» **PROVIDED DATA**:
>>>

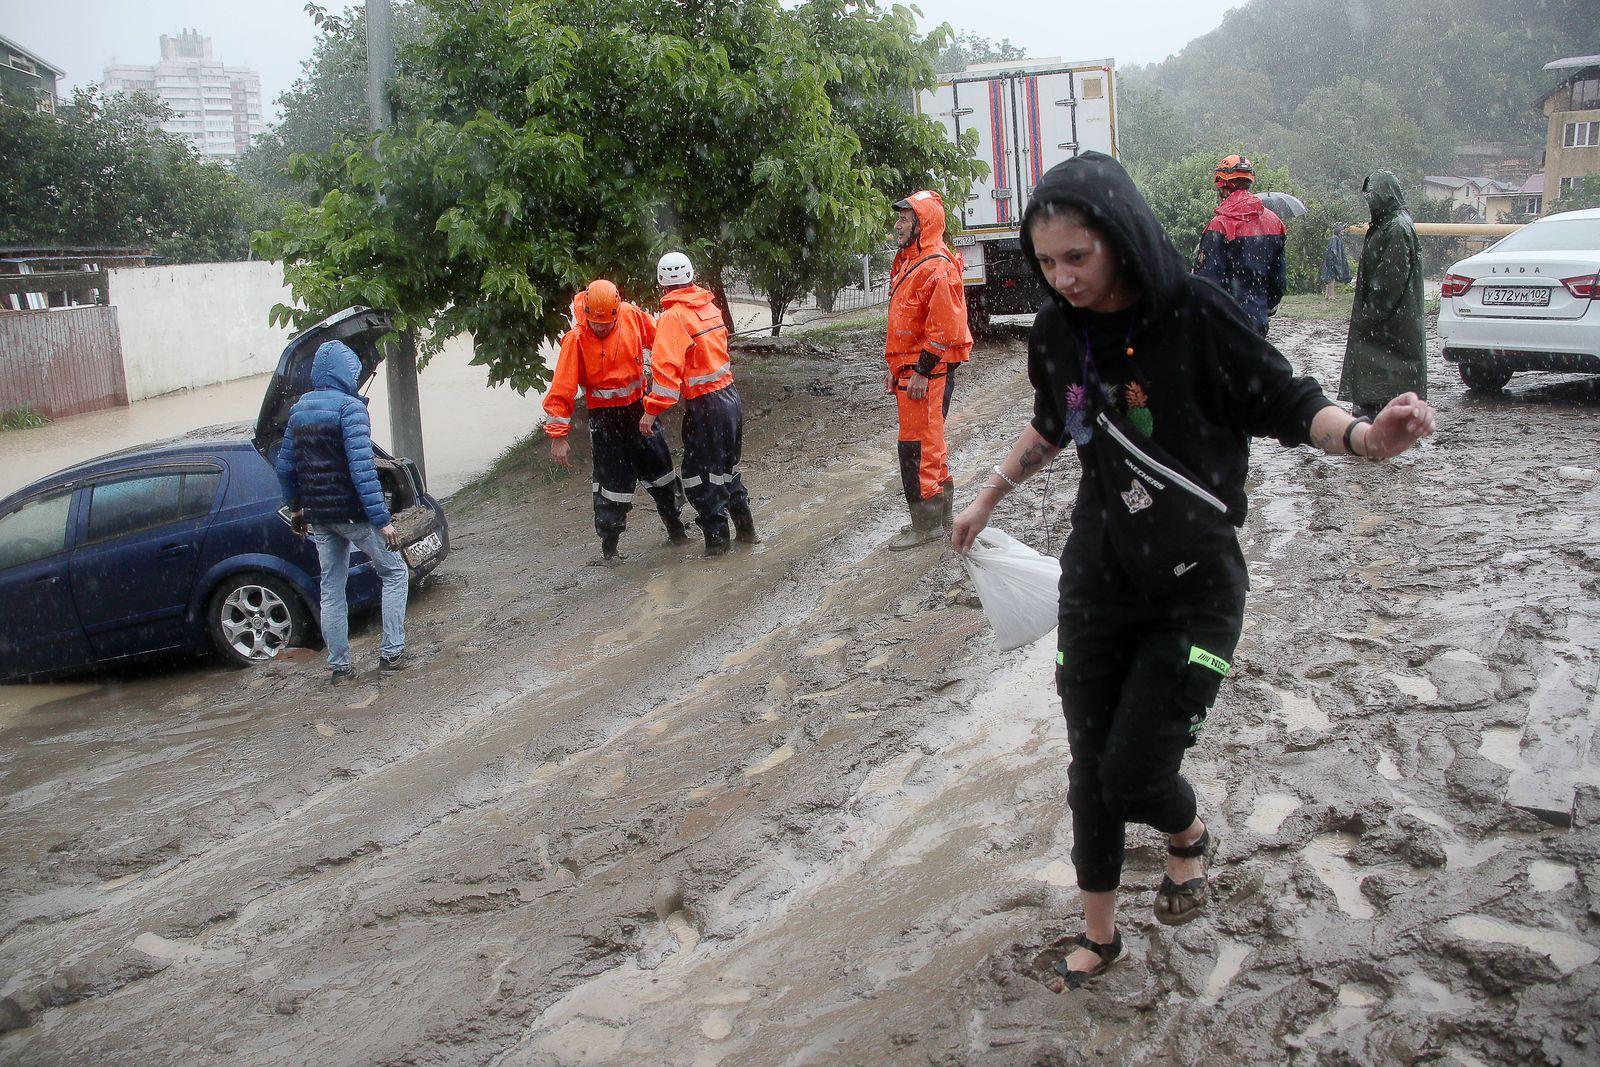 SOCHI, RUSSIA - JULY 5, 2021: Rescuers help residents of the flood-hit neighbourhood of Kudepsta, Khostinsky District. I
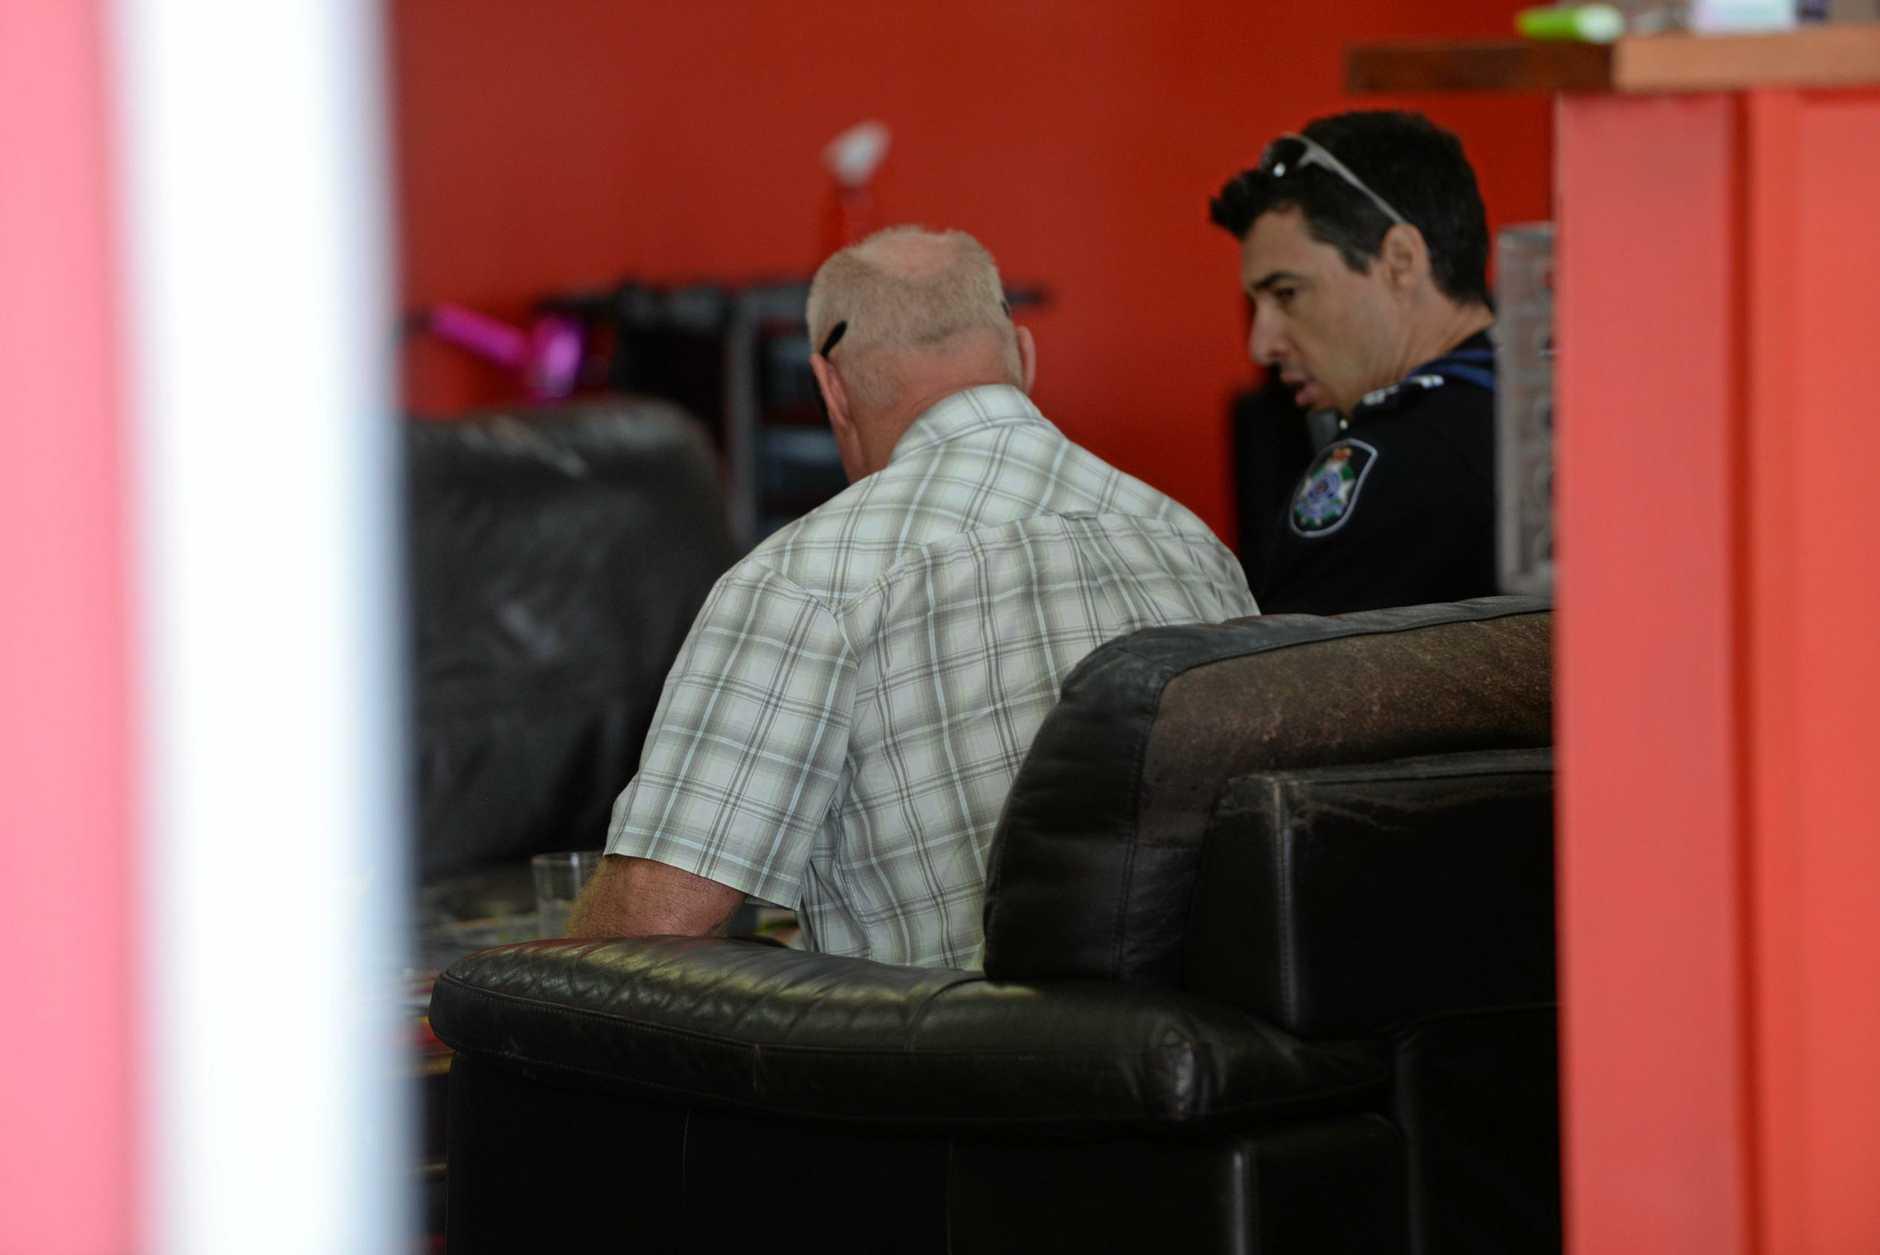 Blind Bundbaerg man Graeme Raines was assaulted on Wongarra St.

<<<
>>>

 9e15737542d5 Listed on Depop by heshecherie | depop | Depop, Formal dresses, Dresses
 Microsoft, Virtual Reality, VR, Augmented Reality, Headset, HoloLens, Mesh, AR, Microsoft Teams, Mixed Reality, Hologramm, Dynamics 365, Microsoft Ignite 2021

<<<
>>>

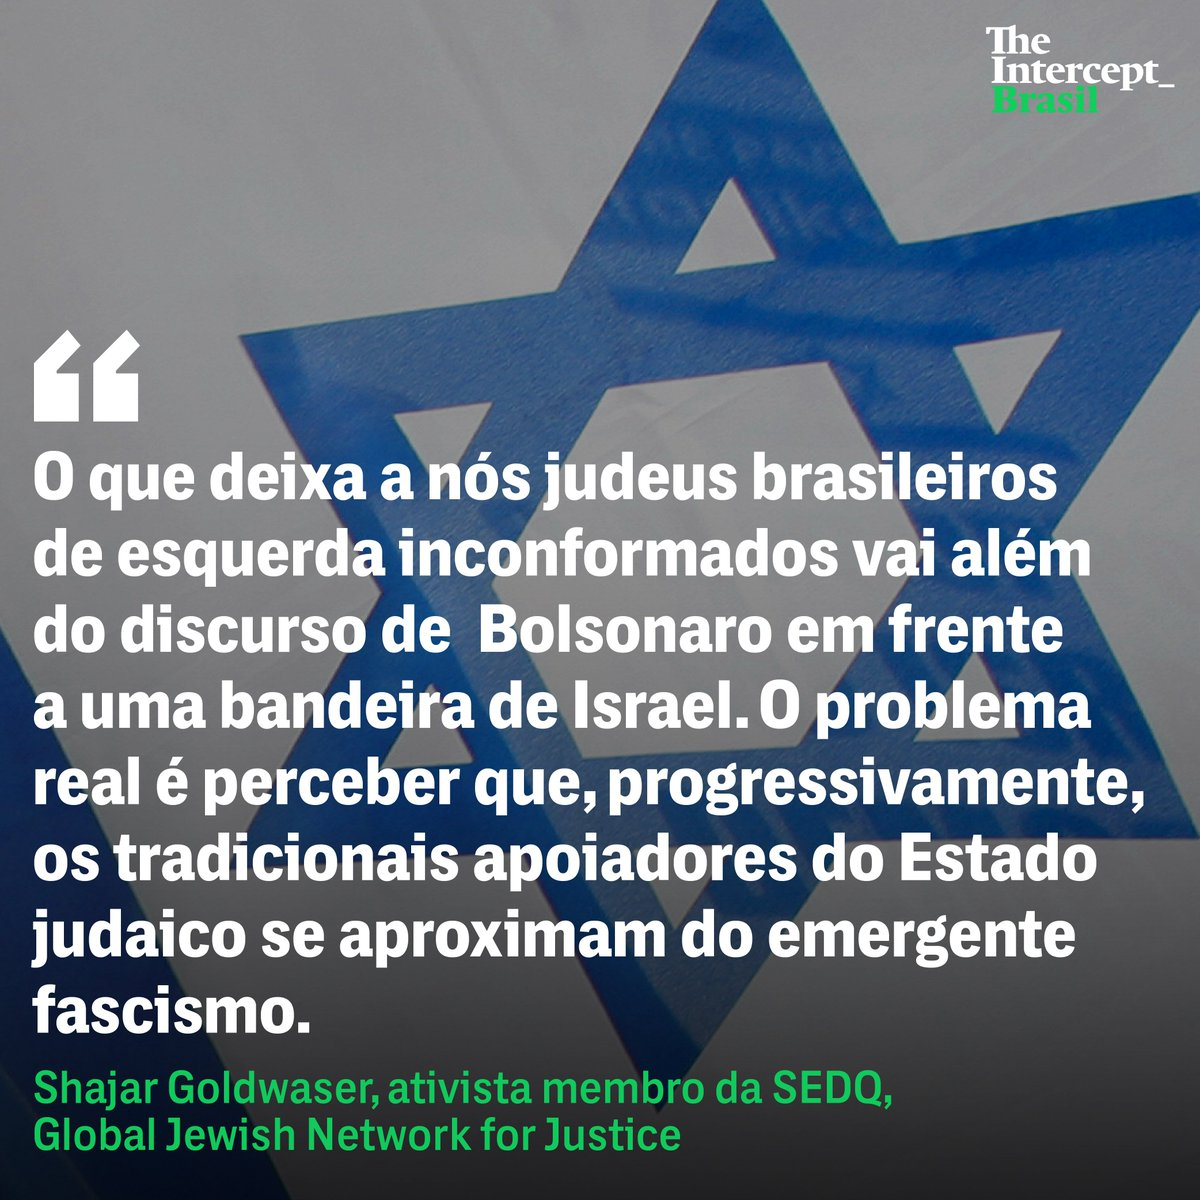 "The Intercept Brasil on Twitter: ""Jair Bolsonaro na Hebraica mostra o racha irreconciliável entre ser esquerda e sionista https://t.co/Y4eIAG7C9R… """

<<<

» **YOUR ASSIGNMENT**:
Starting at the line with "SOCHI, RUSSIA - JULY" in the entries above, write out every line exactly until the line with "Blind Bundbaerg man" has been written. Include no pictures and nothing more.

» **EXERCISE RESULT**:
 SOCHI, RUSSIA - JULY 5, 2021: Rescuers help residents of the flood-hit neighbourhood of Kudepsta, Khostinsky District. I
 Blind Bundbaerg man Graeme Raines was assaulted on Wongarra St.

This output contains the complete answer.